Well, its a matter of tastes in gaming at some point. What is fun for you is not necessarily fun for me, at least not so much anymore. As I said before, nothing about it is 'defeatist' because I'm not defeated. I simply grew in some sense and that growth involved a realization of new and more varied goals. Again, I don't want to cast it as if playing extreme process-sim type games is 'inferior', just that it tends to be a starting point in most gamer's trajectory, and in the trajectory of the hobby as a whole, and then we often move on.
 

Tony Vargas

Legend
I actually really liked a lot of the 4E cosmology.
I did like the idea of the Dawn War, very mythic.

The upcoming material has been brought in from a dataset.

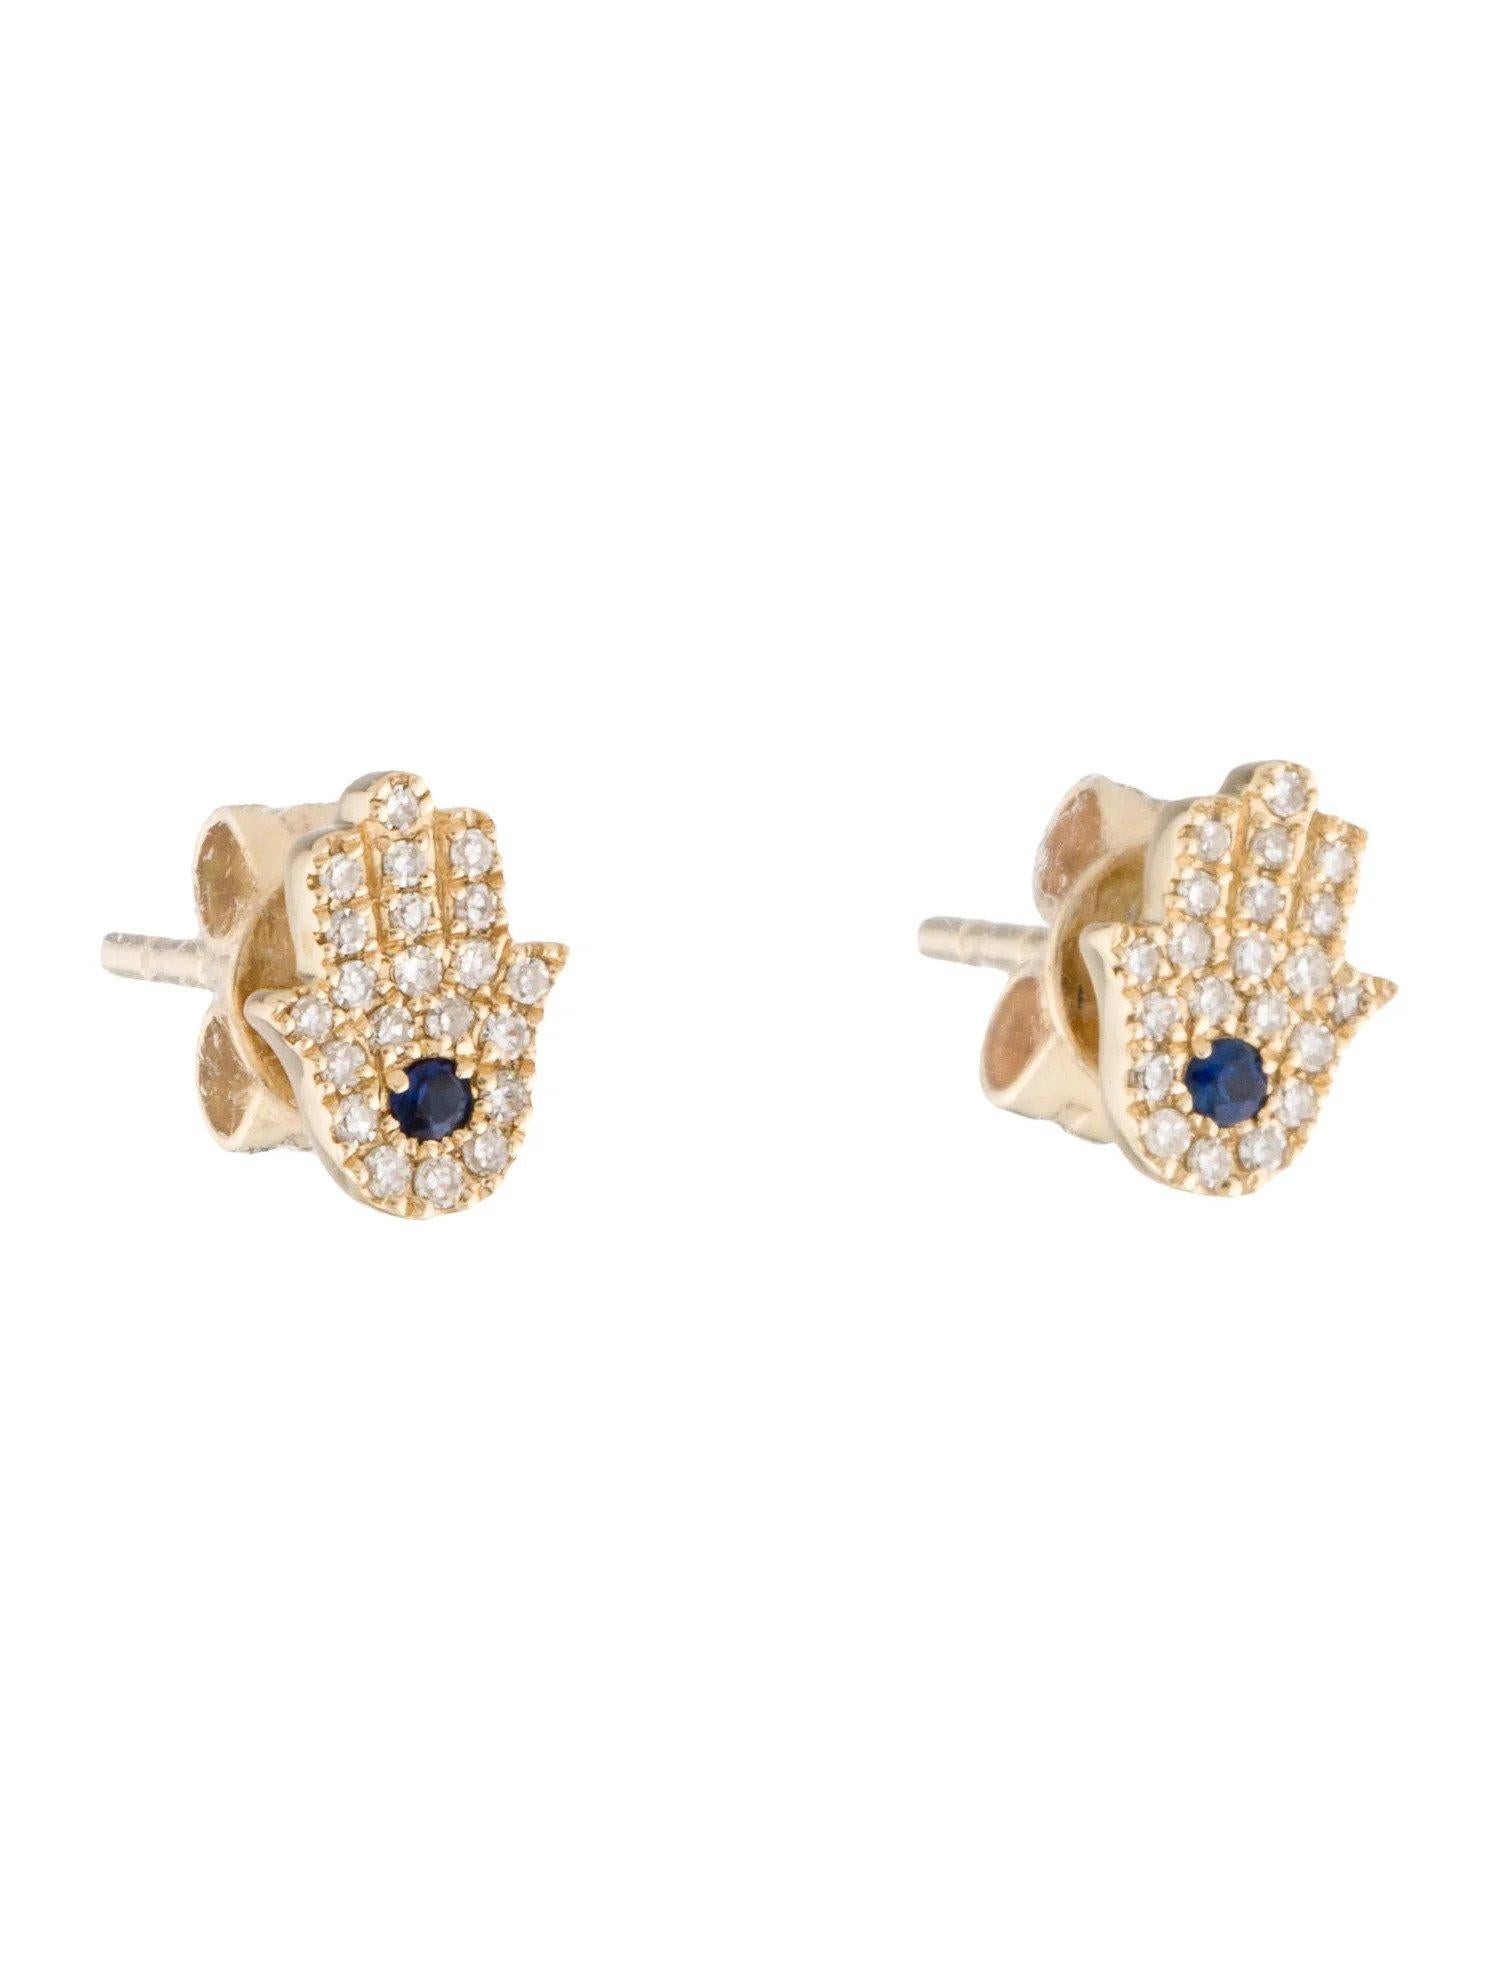 Contemporary 14K Yellow Gold Diamond & Sapphire Hand of Gd Stud Earrings For Sale

I'm not so sure I liked taking the whole 'Points of Light' paradigm to the Astral Sea and having even the heavens screwed up as a result.

I also liked the encounter design ideal of having more moving pieces involved... a party of pcs versus a group of monsters; I liked that a lot more than how 3E encounter design tended to work.
Yes. In 3e you could theoretically use CR to design a larger combat by 'breaking up' the assumed one same-level (or higher level) monster into more lower-level ones. In practice, it didn't work out too well. Similarly, in 5e, bounded accuracy favors the side with greater numbers so profoundly that combats where the PCs are outnumbered become problematic, thus the default monster-exp = encounter-exp-budget brings us back to the single same-level monster as the default encounter.

Not always beating up on some poor monsters you outnumber did help 4e PCs look a little more heroic, or at least a little less home-invadery.